Это известие доставило мне истинную радость. Я велел проводить себя в
четвертую башню, которая явила глазам моим весьма приятное зрелище. Я
увидал комнату, которую в тот же момент решил, по примеру дона Сесара,
превратить в свою опочивальню. Там стояла кровать этого сеньора и вся
прочая обстановка, а на стене висел фигурный ковер с изображением
сабинянок, похищаемых римлянами. Из спальни я прошел в кабинетик, где по
всем стенам стояли набитые книгами низкие шкапы, над которыми красовались
портреты всех наших королей. Подле окна, из коего открывался вид на
веселящую взоры местность, помещалось бюро черного дерева, а за ним
большая софа, крытая черным сафьяном. Но я обратил внимание главным
образом на библиотеку. Она состояла из сочинений философов, поэтов,
историков и большого количества рыцарских романов. Я заключил, что дон
Сесар любил этот последний жанр литературы, раз он так основательно им
запасся. К стыду своему, признаюсь, что и мне этого рода произведения не
были противны, несмотря на все несуразности, из которых они сотканы,
потому ли, что я был тогда не очень требовательным читателем, или потому,
что чудесное делает испанцев снисходительными ко всему остальному.

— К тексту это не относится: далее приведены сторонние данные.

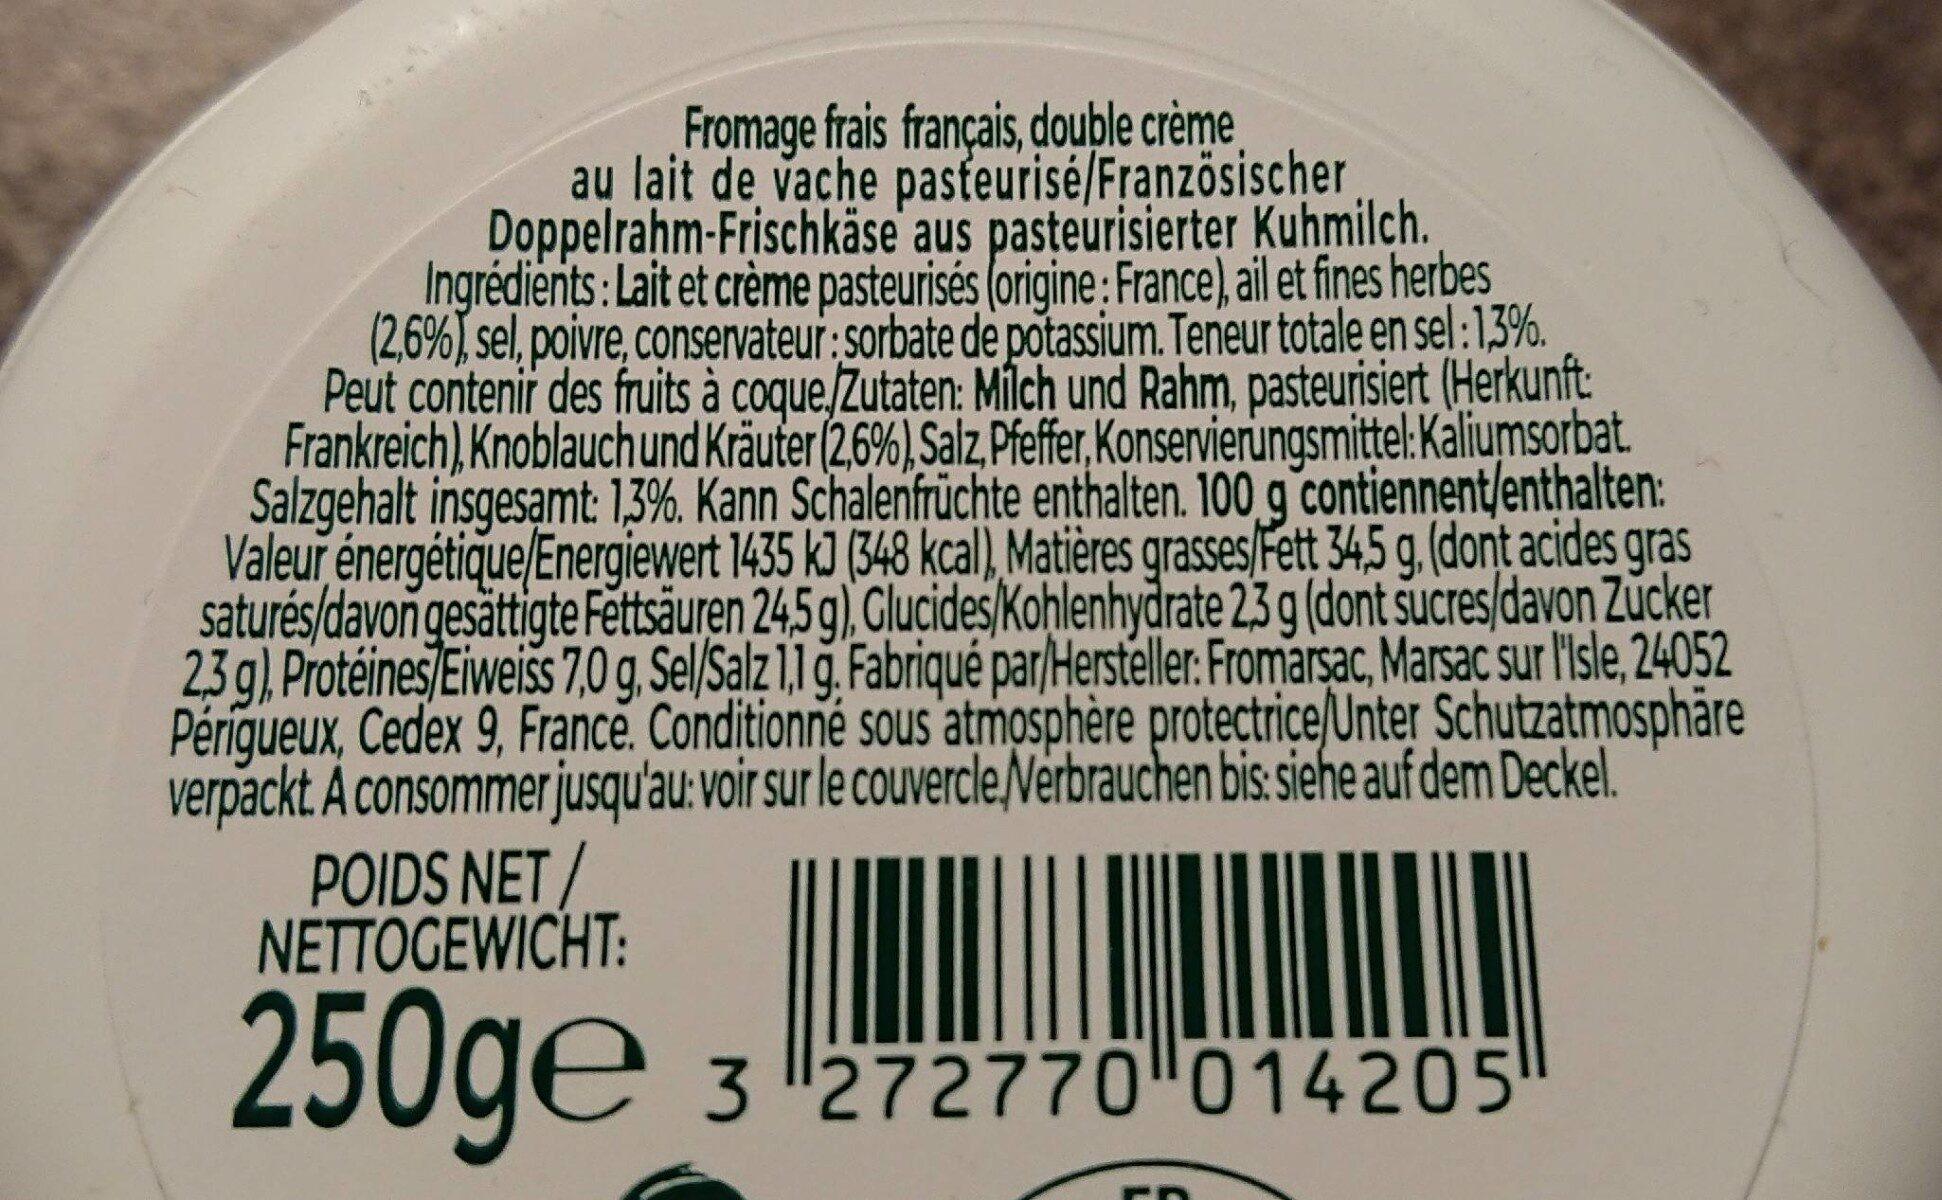 Tartare Ail et Fines Herbes - Informations nutritionnelles - fr

Скажу,
однако, в свое оправдание, что больше удовольствия я находил в весело
преподнесенной морали и что Лукиан, Гораций и Эразм стали моими
любимыми-писателями.
- Друг мой, - сказал я Сипиону, пробежав глазами свою библиотеку, - вот
чем мы будем развлекаться; но теперь надлежит произвести реформу нашего
штата.
- Могу избавить вас от этой заботы, - отвечал он. - Пока вас не было, я
хорошо изучил ваших людей и могу похвастаться, что знаю их насквозь.
Начнем с нашего мастера Хоакина; я считаю его законченным жуликом и не
сомневаюсь в том, что он был выгнан из архиепископского подворья за
кой-какие арифметические ошибки при подсчете расходов. Тем не менее,
необходимо оставить его по двум причинам: во-первых, он - хороший повар, а
во-вторых, я не буду спускать с него глаз; я намерен следить за всеми его
поступками, и уж очень он будет хитер, если сумеет меня провести. Я уже
сказал ему, что вы намерены отпустить три четверти своей прислуги. Эта
новость его огорчила, и он сообщил мне, что, чувствуя склонность служить
вам, готов удовольствоваться половинным жалованьем, лишь бы не покидать
вас. Это наводит меня на мысль, что в нашем поселке имеется какая-нибудь
девчонка, от которой ему не хочется, удаляться. Что касается помощника
повара, то он - пьяница, а привратник - грубиян, который так же мало нужен
нам, как и егерь. С должностью этого последнего я прекрасно управляюсь и
завтра же докажу вам это, так как у нас имеются здесь ружья, порох и
свинец. Среди лакеев есть один арагонец, который кажется мне добрым малым.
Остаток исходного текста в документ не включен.